- **Supplied data**
Content starts

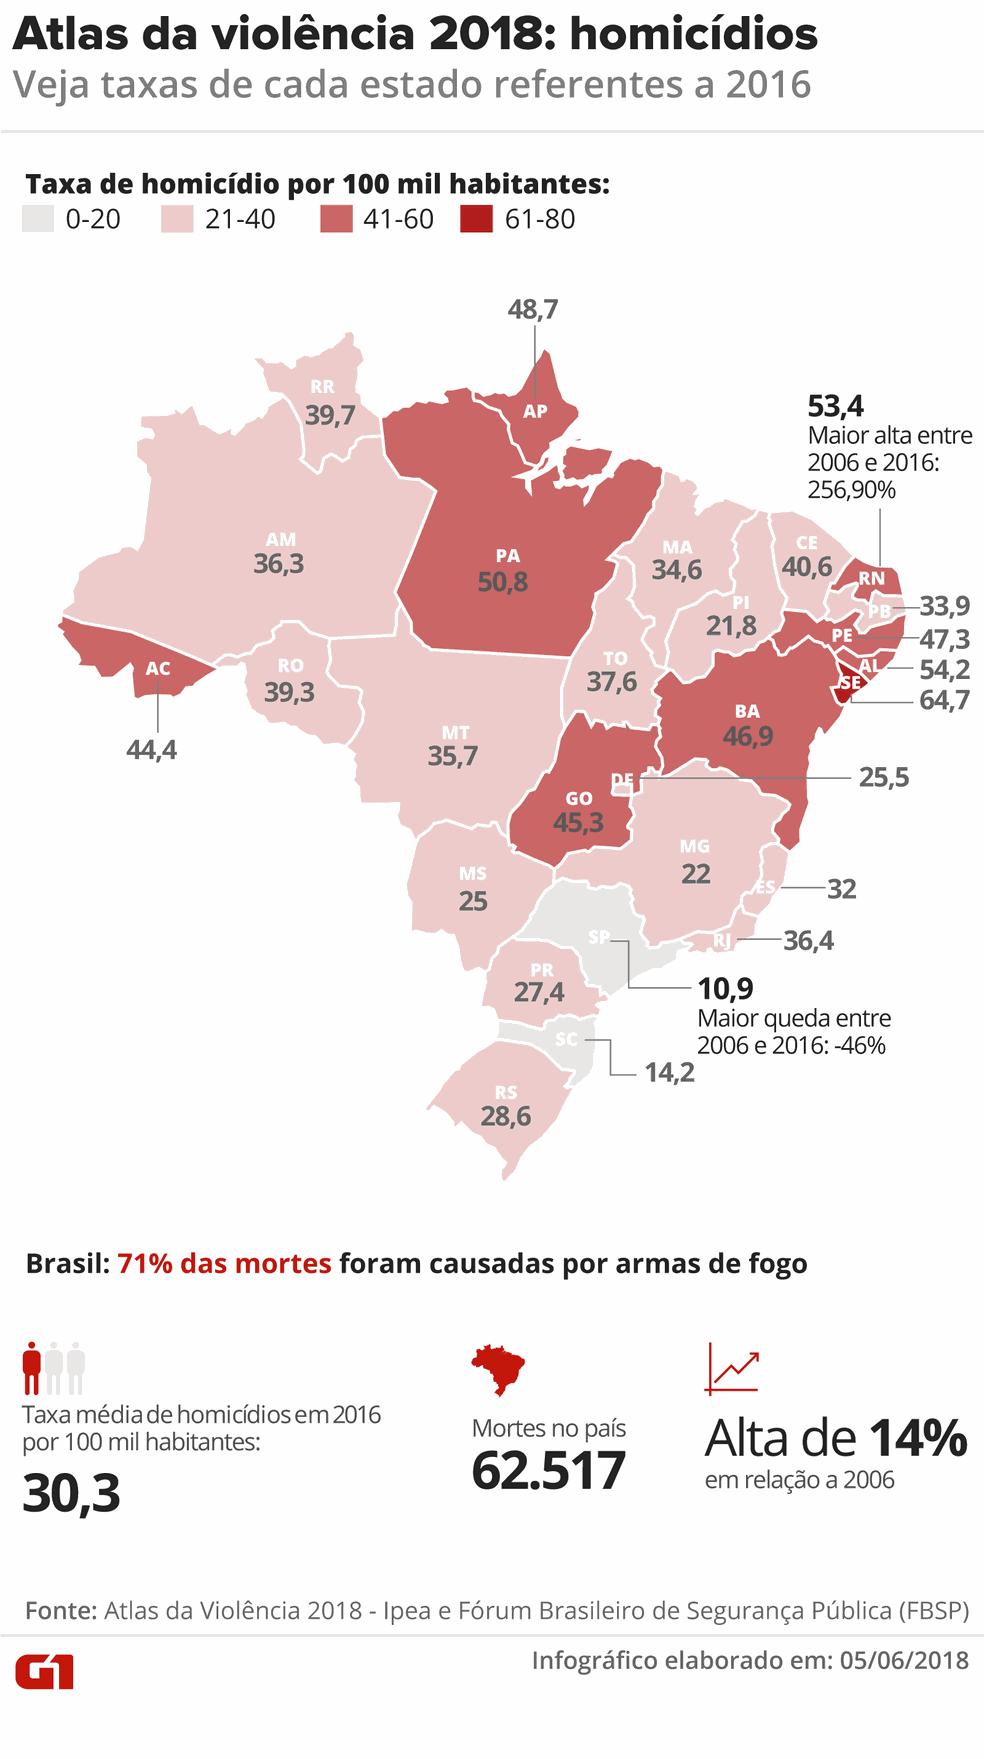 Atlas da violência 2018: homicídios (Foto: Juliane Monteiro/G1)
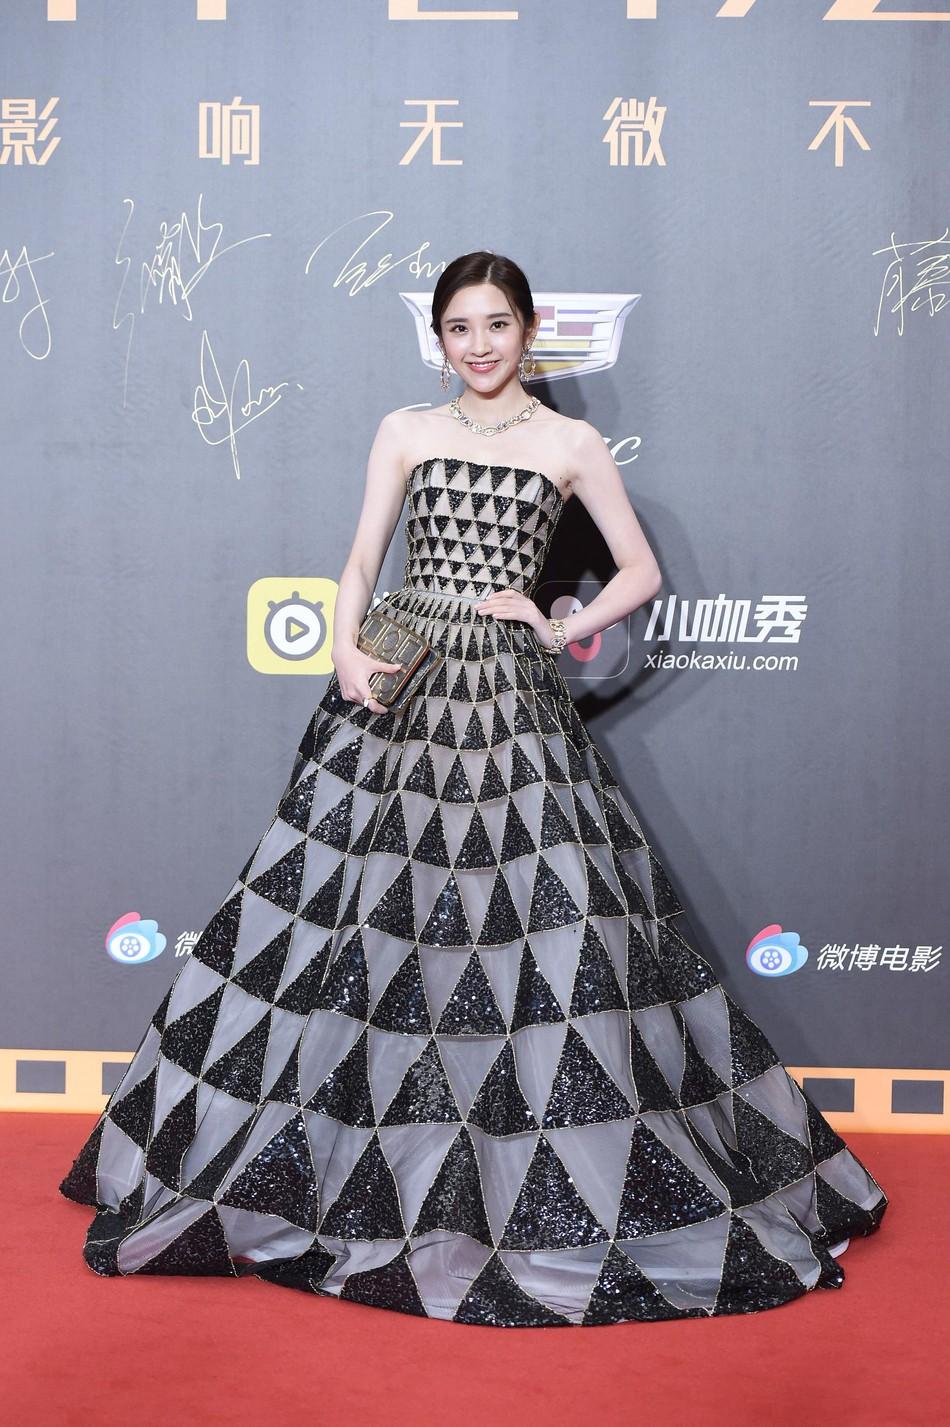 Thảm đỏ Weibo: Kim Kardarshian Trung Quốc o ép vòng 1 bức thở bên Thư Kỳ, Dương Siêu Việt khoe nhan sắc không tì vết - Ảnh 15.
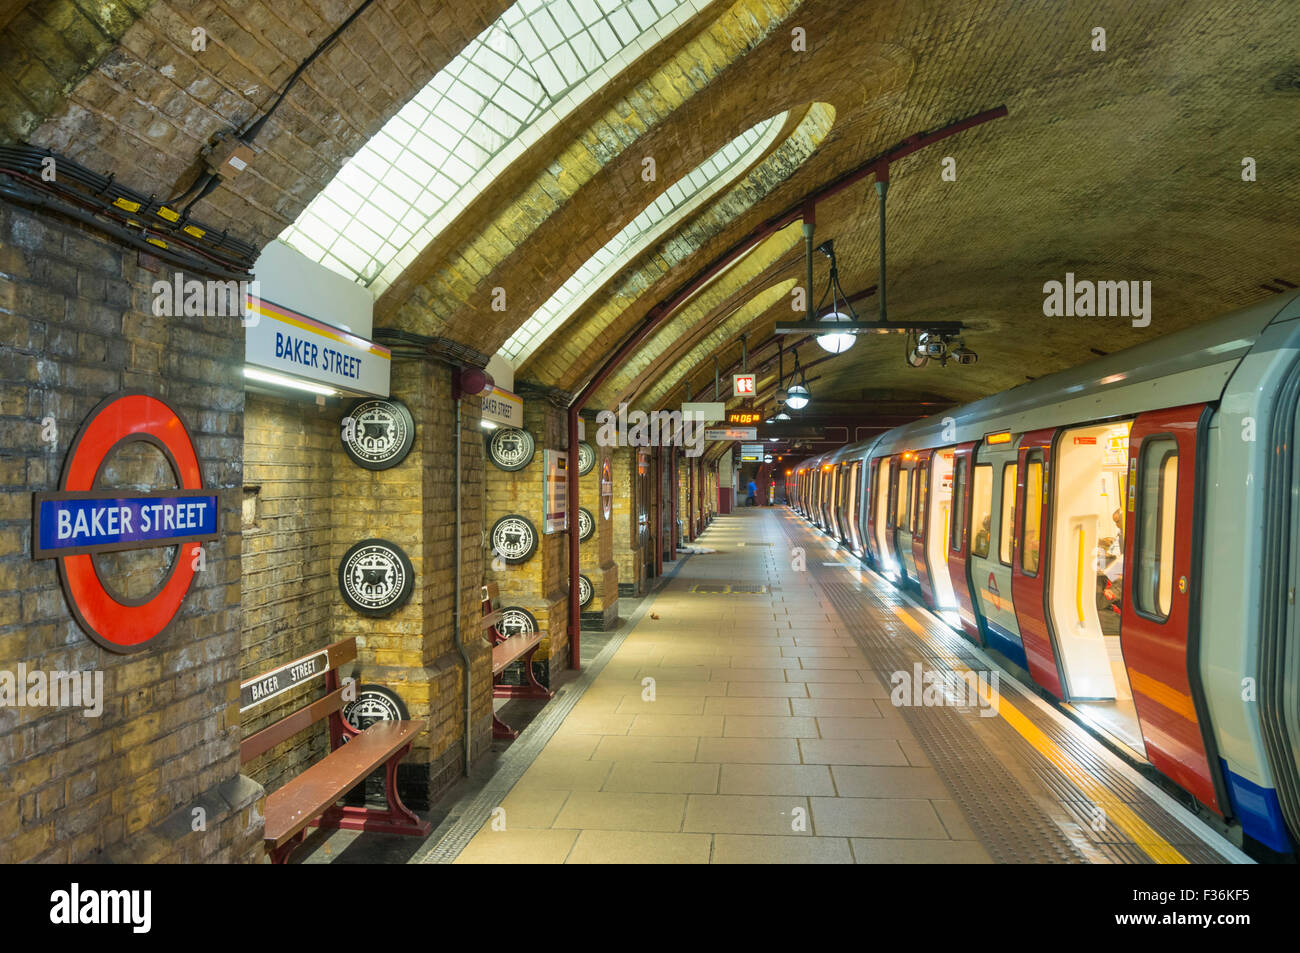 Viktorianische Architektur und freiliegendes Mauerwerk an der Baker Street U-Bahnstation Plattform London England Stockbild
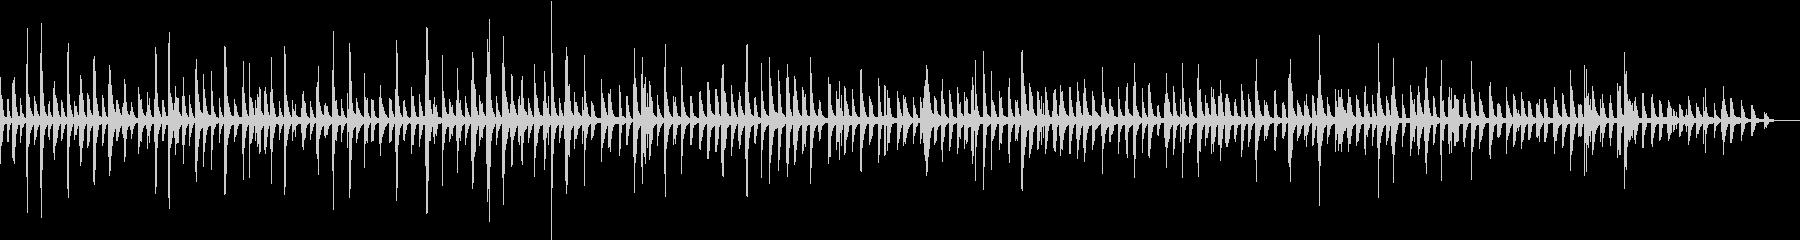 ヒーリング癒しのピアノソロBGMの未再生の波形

Content ends

- **What you are asked to do**
Exact copies of the lines from the one containing "Thảm đỏ Weibo: Kim" through the final line of the data are required; pictures are to be omitted.

- **Answer space**
 Thảm đỏ Weibo: Kim Kardarshian Trung Quốc o ép vòng 1 bức thở bên Thư Kỳ, Dương Siêu Việt khoe nhan sắc không tì vết - Ảnh 15.
 Viktorianische Architektur und freiliegendes Mauerwerk an der Baker Street U-Bahnstation Plattform London England Stockbild
 ヒーリング癒しのピアノソロBGMの未再生の波形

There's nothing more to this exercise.